§ Activity
Give the lines below again, exactly as they stand, and leave out the images.

§ Data
================================

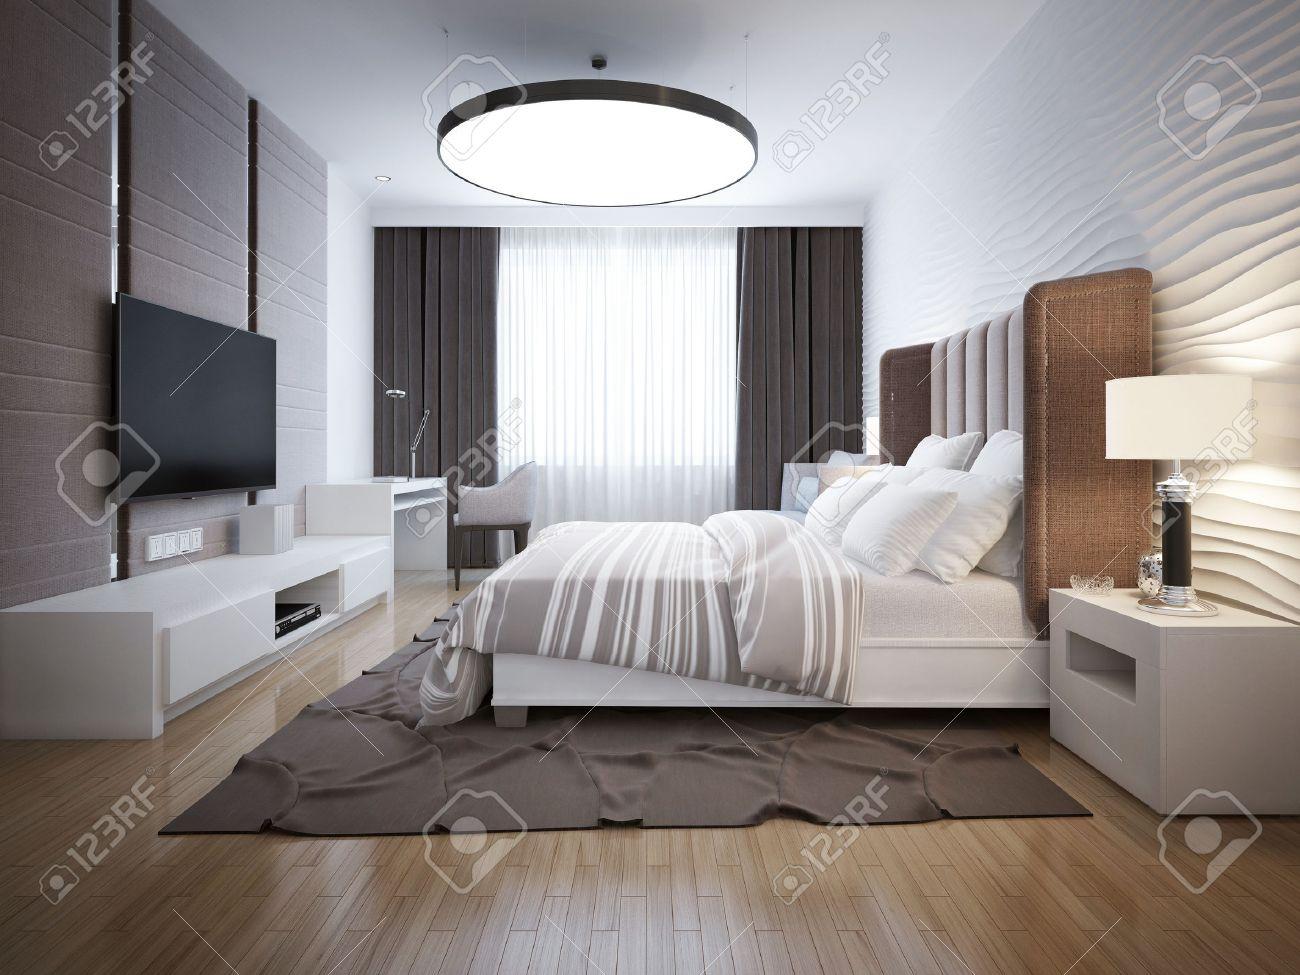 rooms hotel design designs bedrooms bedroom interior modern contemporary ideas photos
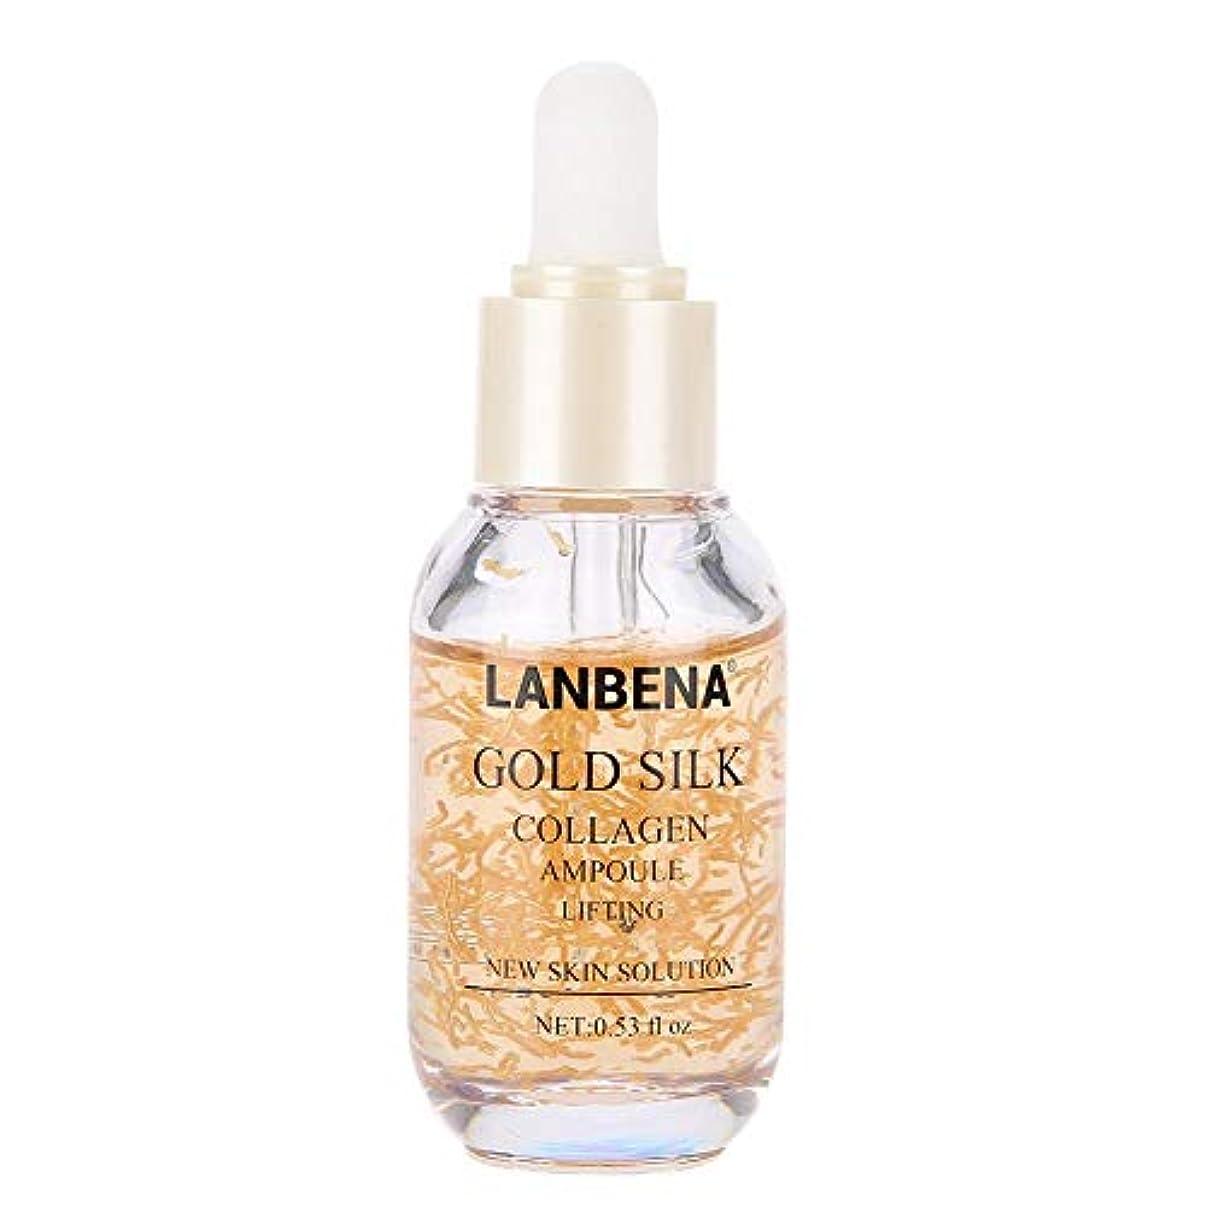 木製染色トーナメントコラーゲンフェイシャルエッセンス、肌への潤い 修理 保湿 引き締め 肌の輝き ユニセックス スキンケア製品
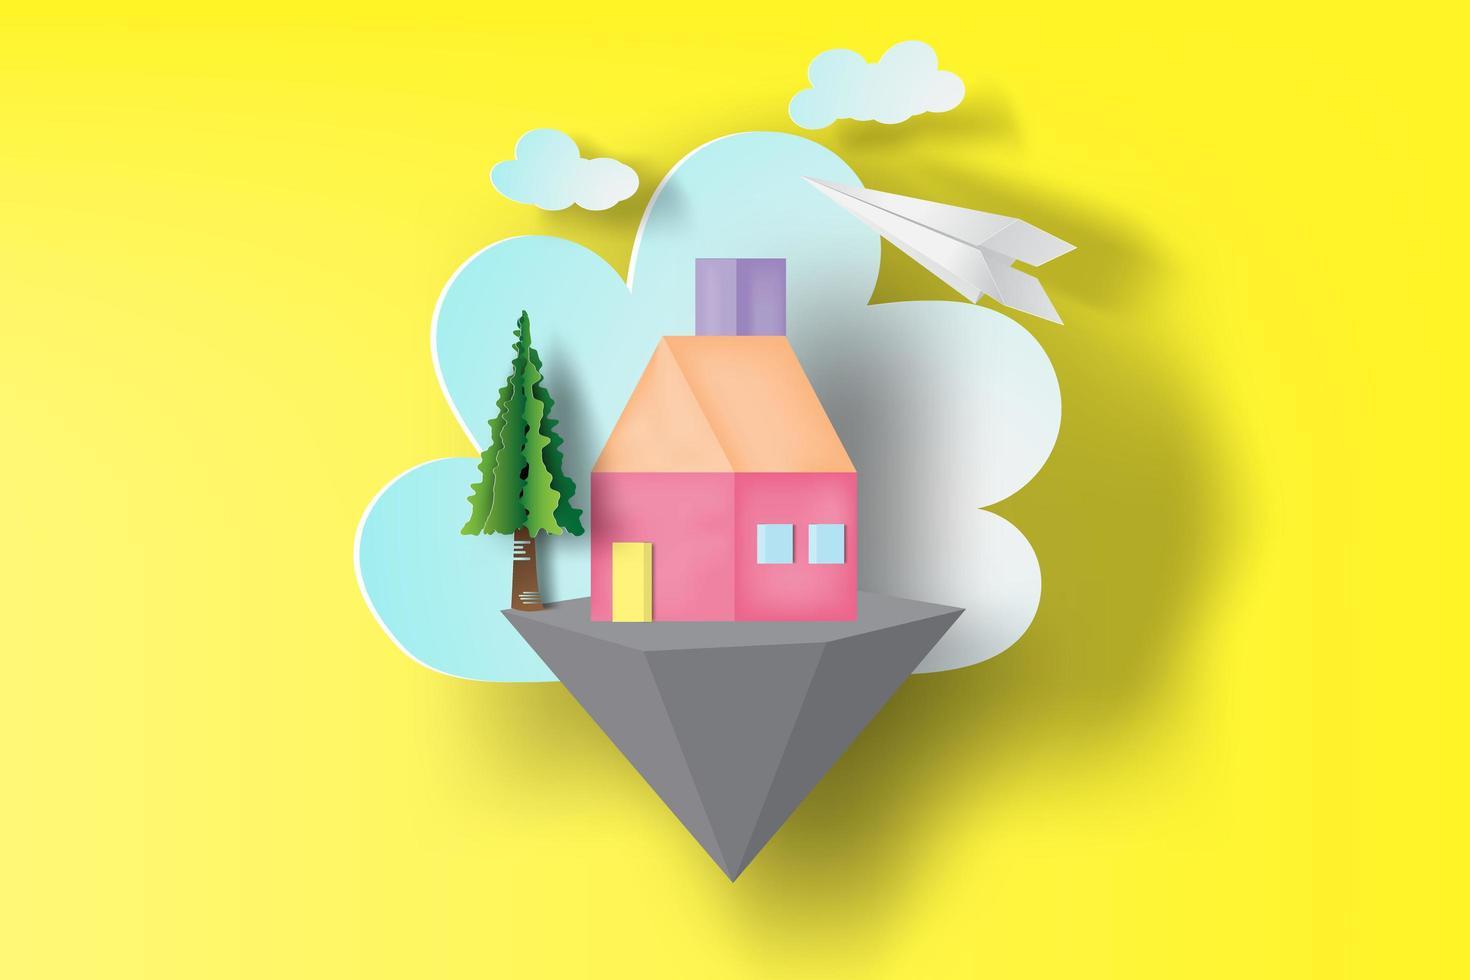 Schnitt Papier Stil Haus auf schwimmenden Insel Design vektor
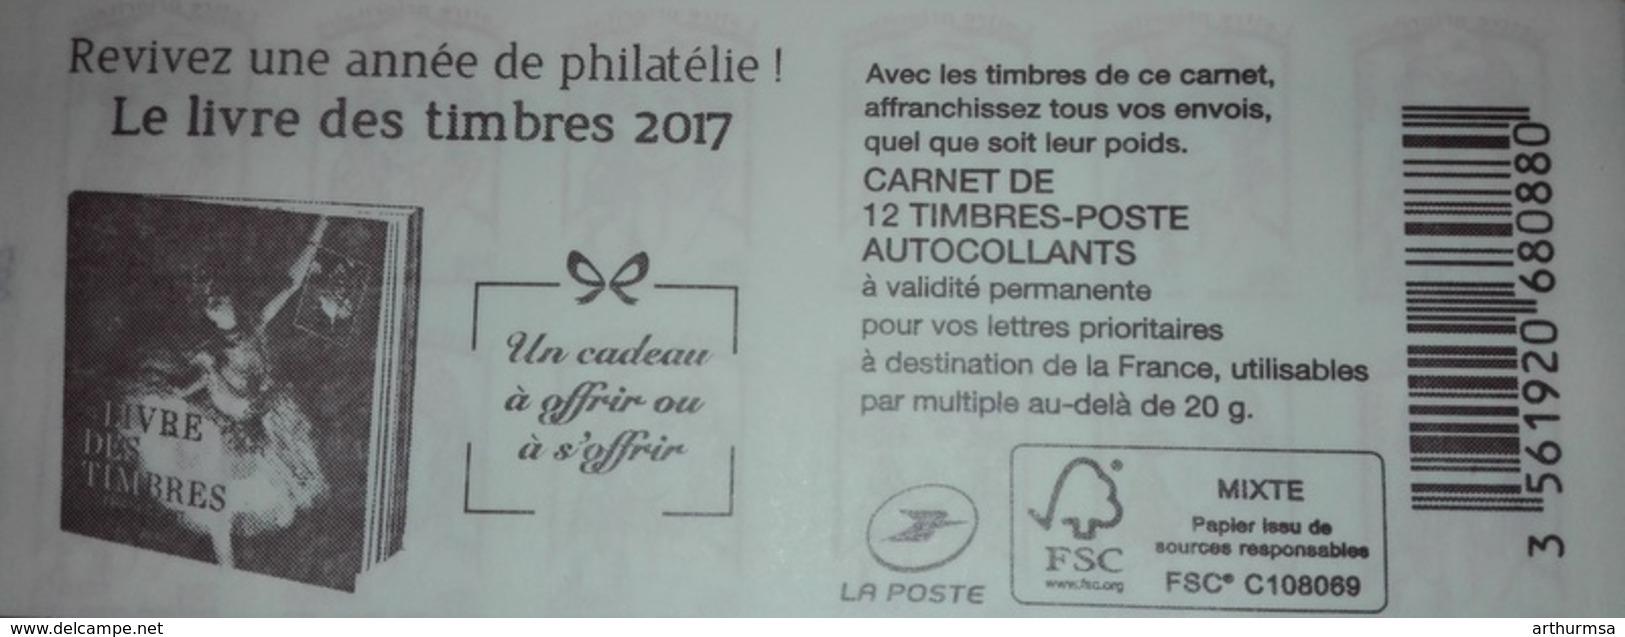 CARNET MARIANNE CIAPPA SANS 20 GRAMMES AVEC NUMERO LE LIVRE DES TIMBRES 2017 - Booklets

================================

§ Answer box
 rooms hotel design designs bedrooms bedroom interior modern contemporary ideas photos
 木製染色トーナメントコラーゲンフェイシャルエッセンス、肌への潤い 修理 保湿 引き締め 肌の輝き ユニセックス スキンケア製品
 Schnitt Papier Stil Haus auf schwimmenden Insel Design vektor
 CARNET MARIANNE CIAPPA SANS 20 GRAMMES AVEC NUMERO LE LIVRE DES TIMBRES 2017 - Booklets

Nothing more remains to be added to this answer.